I wouldn't be at all worried about the fact that they don't tell us who is behind it. Sure no one knows who Satoshi is or even if he exists.  I wouldn't be worried about the fact that there is no physical address given.  If we want to challenge the corrupt system of money as we understand it, we must move away from old fashioned and self limiting ideas like identity and physical presence. 

My only concern would be their lack of ambition.


----------



## Negotiator (3 May 2018)

Absolutely no mention of the team behind it so for this reason alone I would avoid like the plague. Nothing on Github is another massive read flag not to mention that their Whitepaper is very basic. Not even a mention of what company is behind the project.

From doing a very quick bit of digging on the CRO it appears there are 3 guys involved with a 50%, 40% and 10% steak and their company was only incorporated a few months ago. The 10% steak guy is based in the UK and their offices are based in a mickey mouse office pod in Montrose, Ballsbridge. 

Avoid avoid avoid in my opinion!


----------



## Leo (3 May 2018)

Hold on, the problems of trading in precious metals is the time constraints, costs & bureaucracy of buying/selling them in physical form.
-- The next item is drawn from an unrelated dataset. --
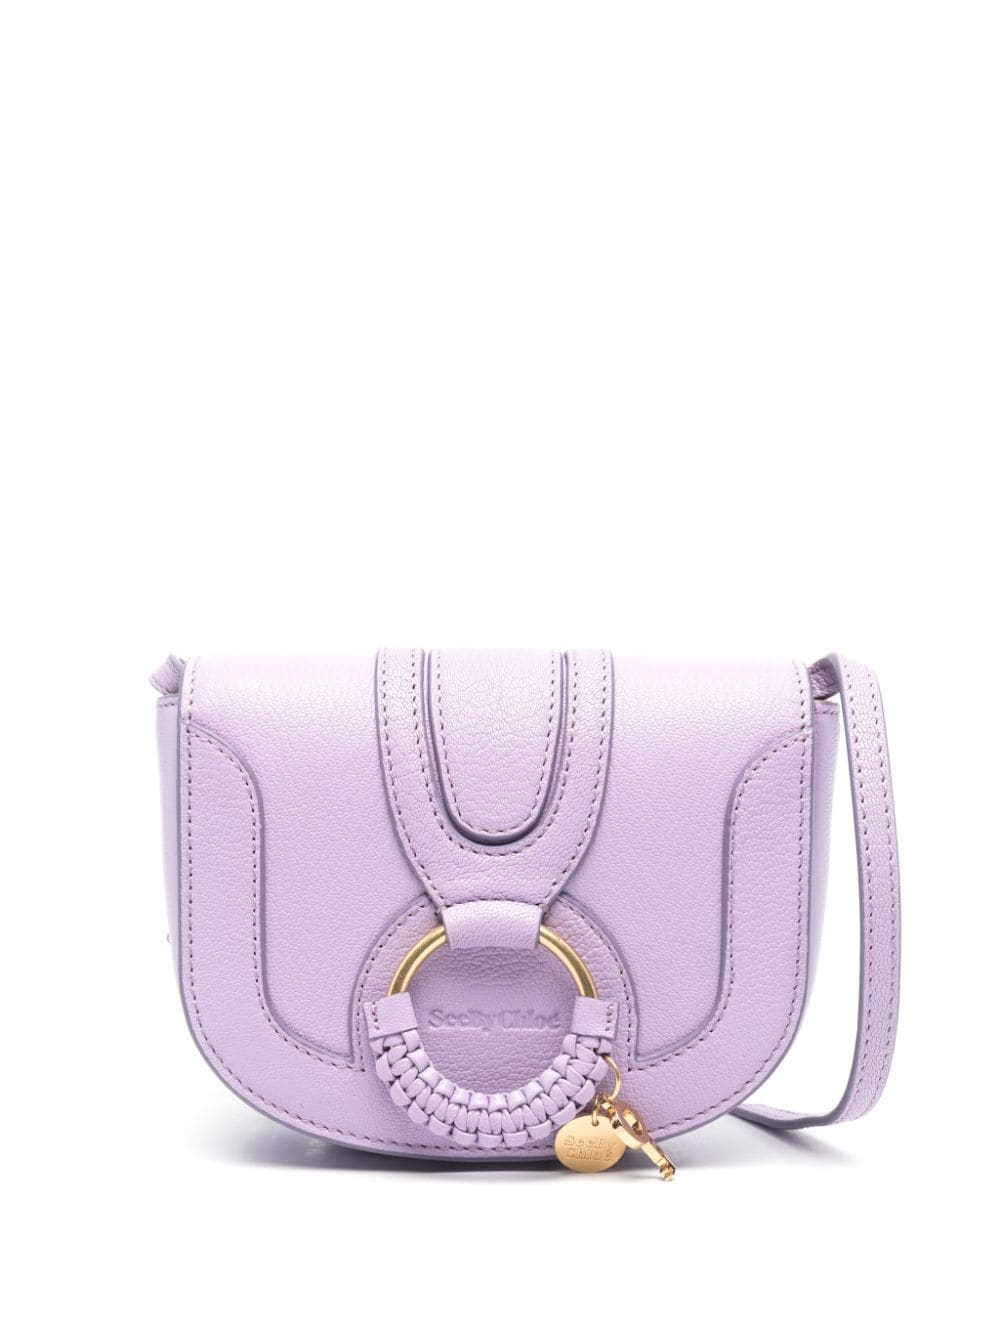 See by Chloé logo-debossed leather mini bag - Violett von See by Chloé

You don't trust the market for whatever reason so you give some randomers you know nothing about your money and they deal with all those constrains on your behalf to buy them for you? But you never own them or have any rights over them...

Their model of supposedly centralising the buying/selling and storage of precious metals is somehow a decentralisation. Zero storage and zero insurance fees suggest that no one is really buying or storing these metals. 

Owning precious metals should be 'hugely rewarding'? Really?


----------